▸ Dataset section
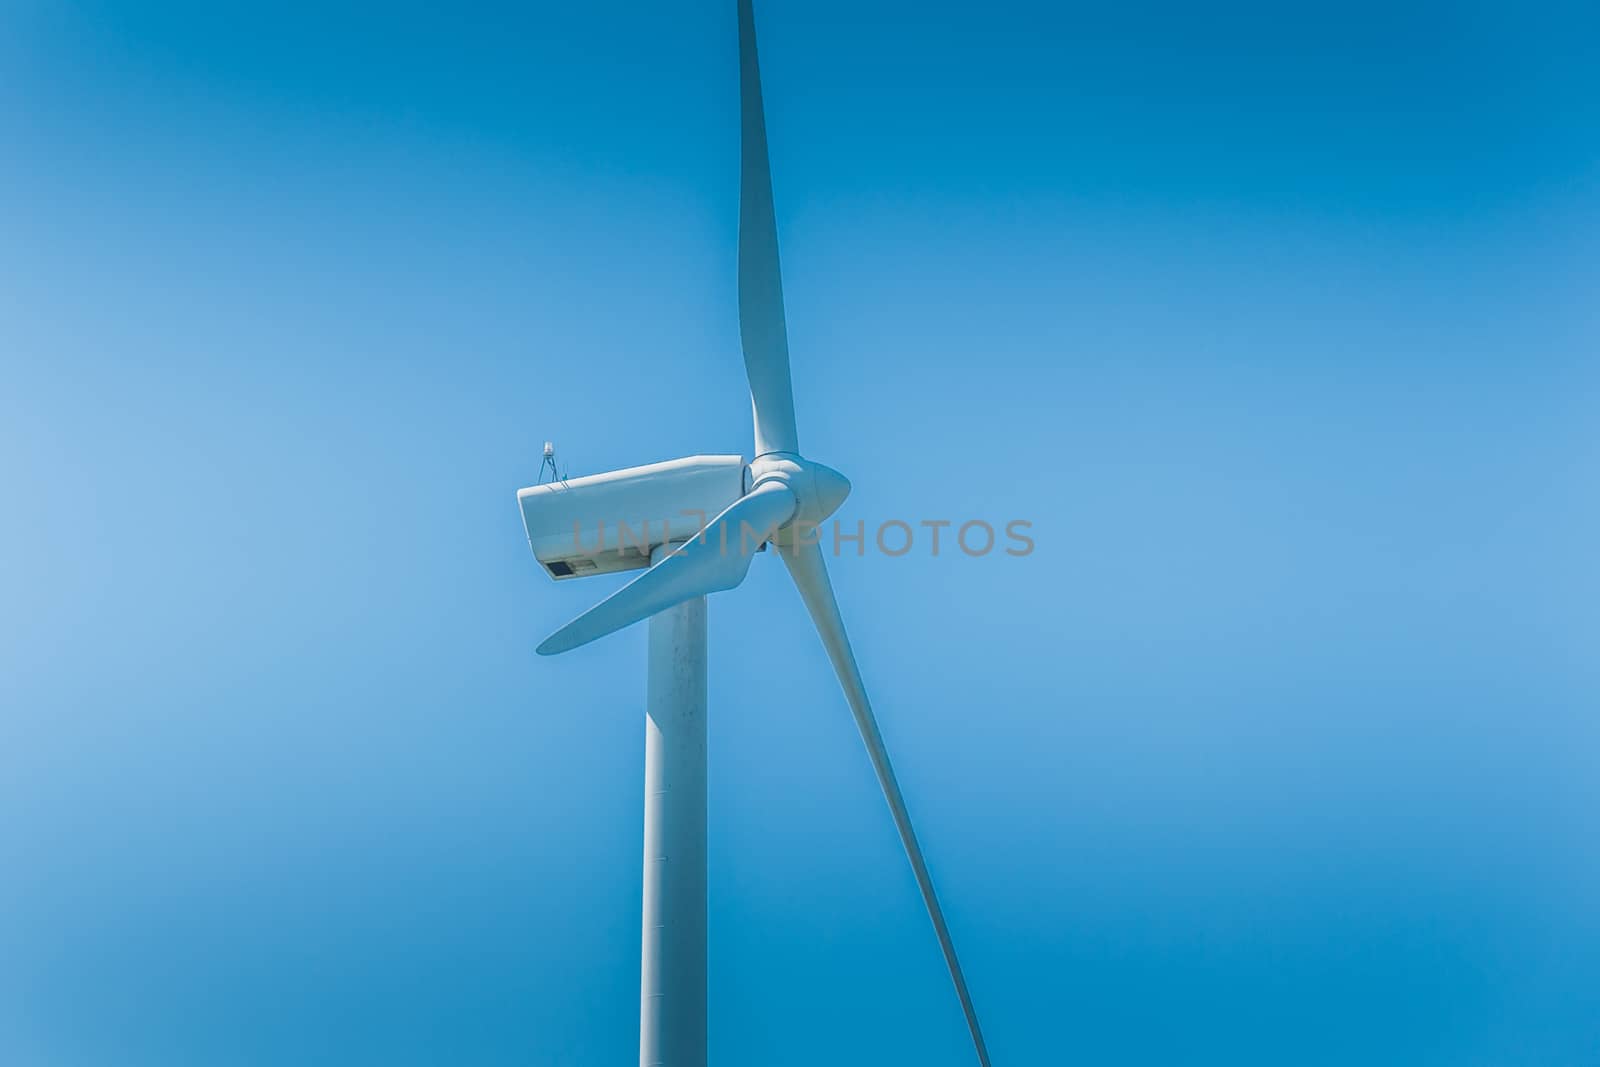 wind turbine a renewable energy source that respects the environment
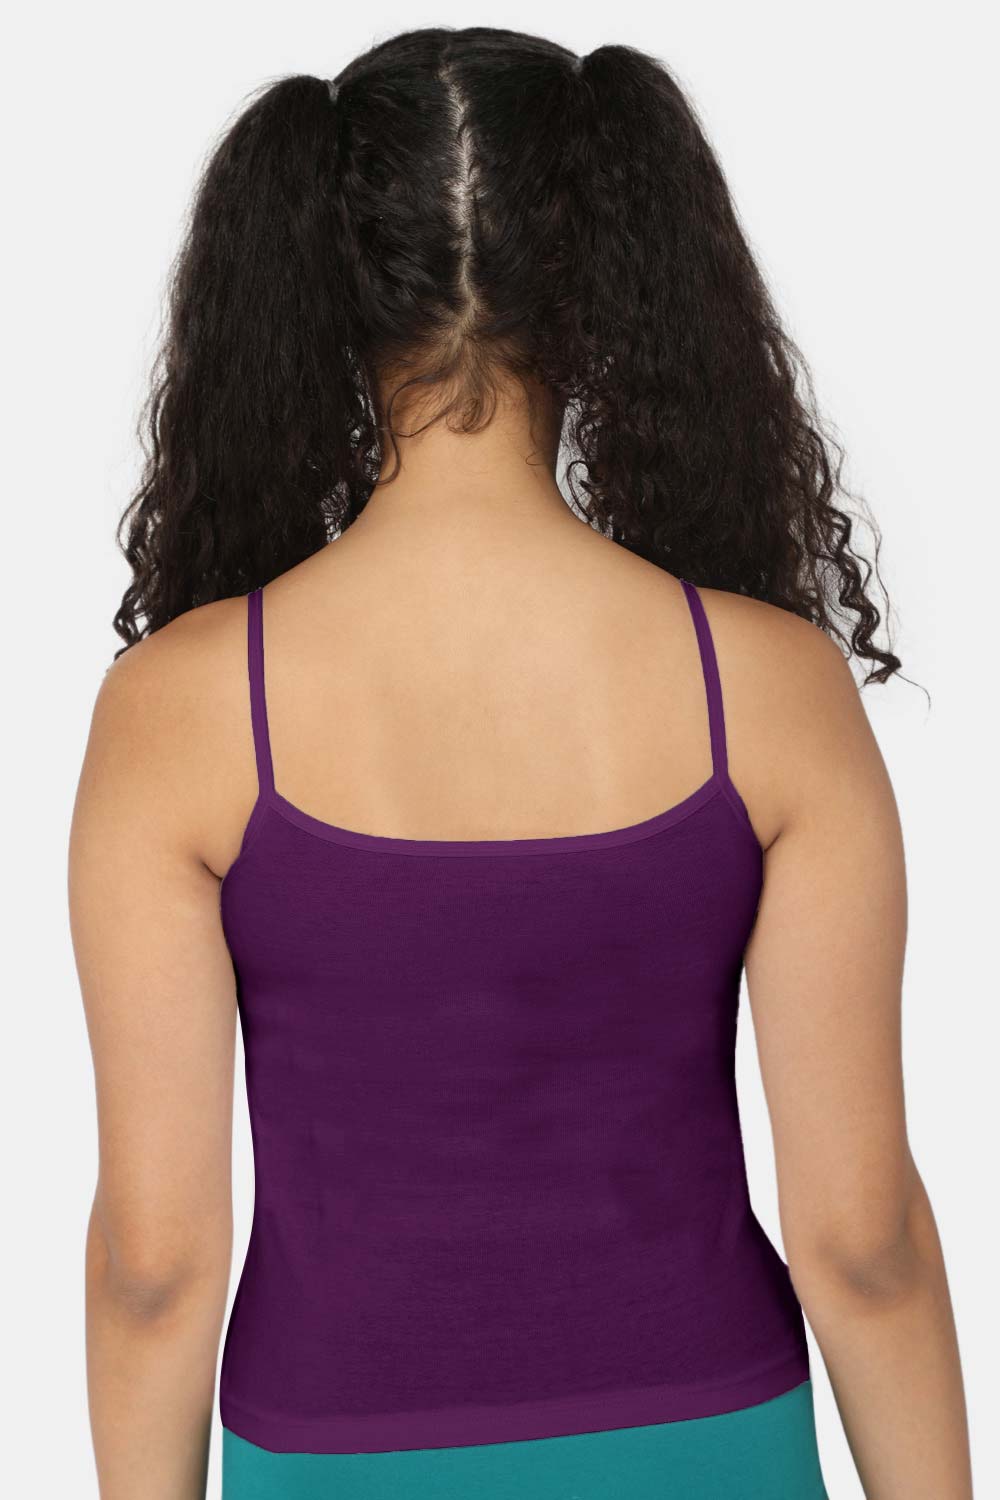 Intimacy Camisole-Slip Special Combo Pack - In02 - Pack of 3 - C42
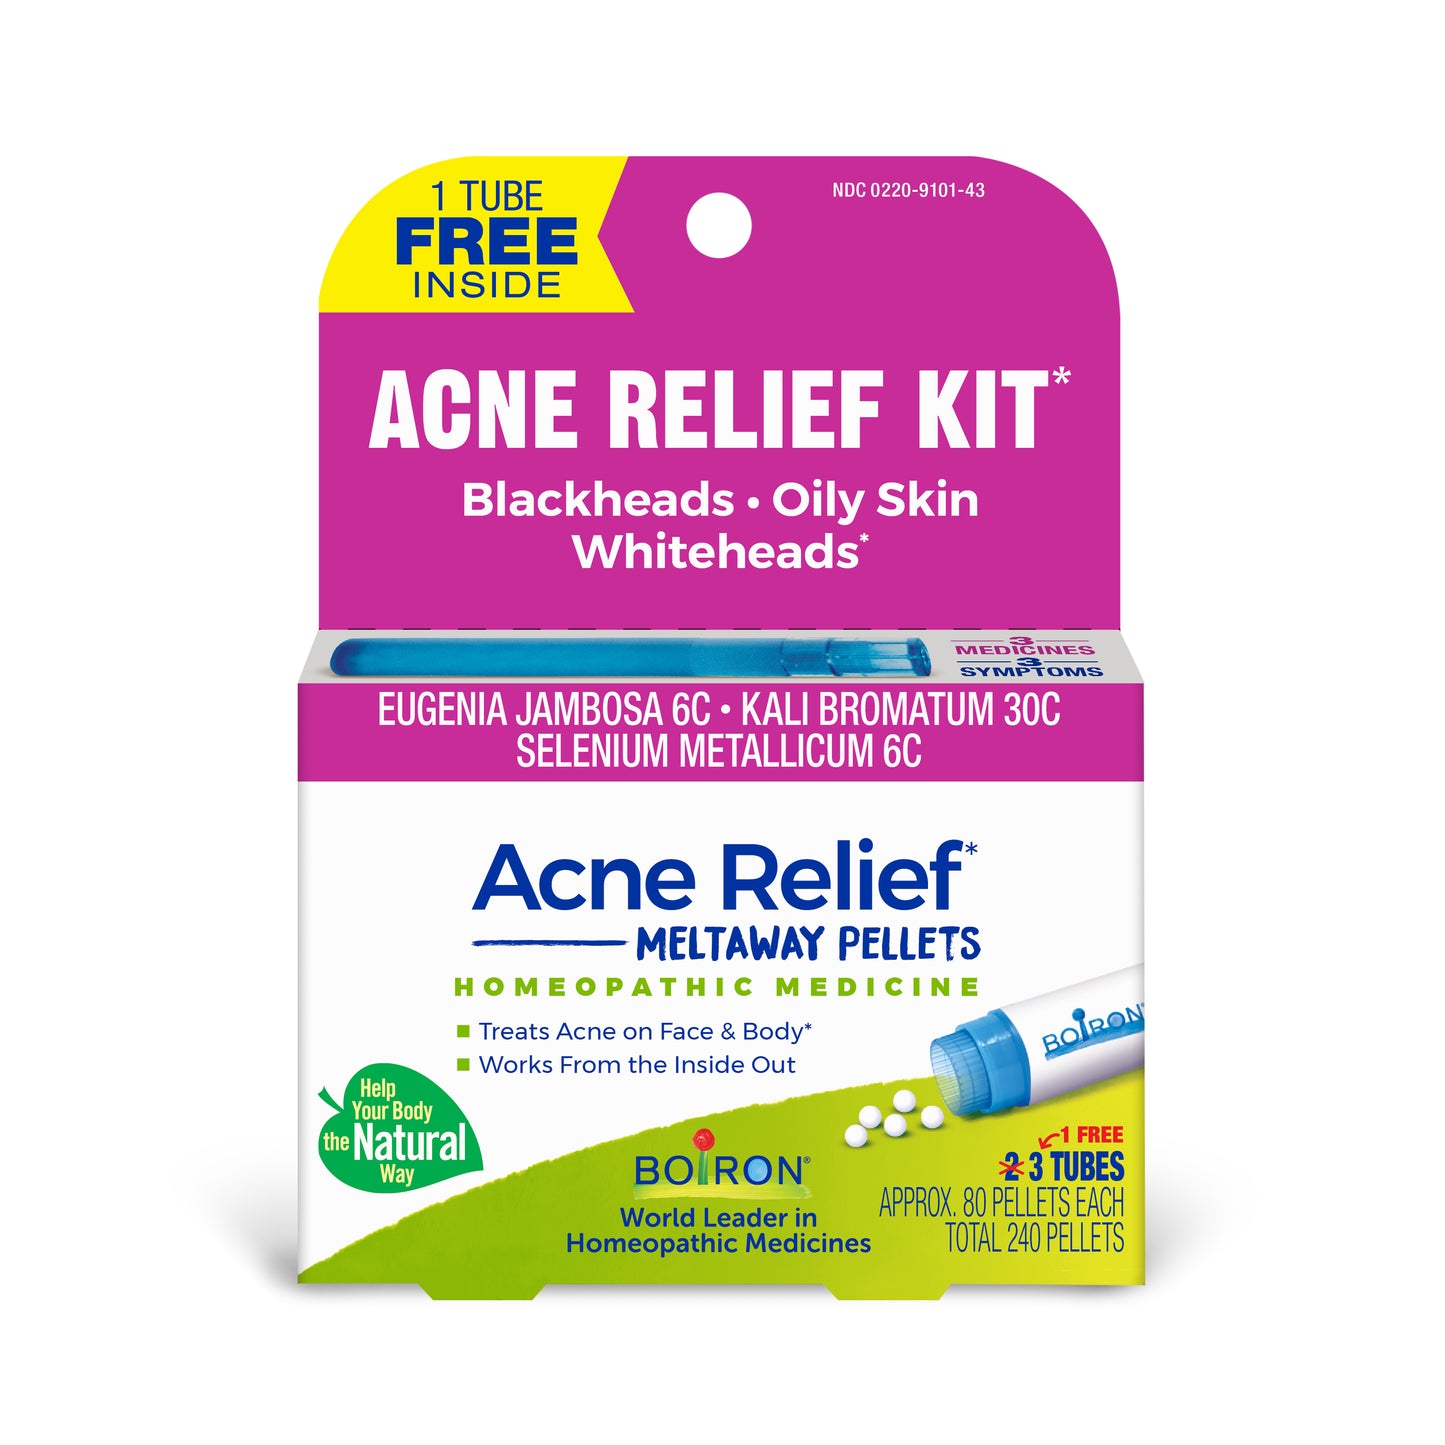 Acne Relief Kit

▸ Directions
Everything above except the pictures must be restated exactly.

▸ Exercise response
 wind turbine a renewable energy source that respects the environment
 Intimacy Camisole-Slip Special Combo Pack - In02 - Pack of 3 - C42
 Acne Relief Kit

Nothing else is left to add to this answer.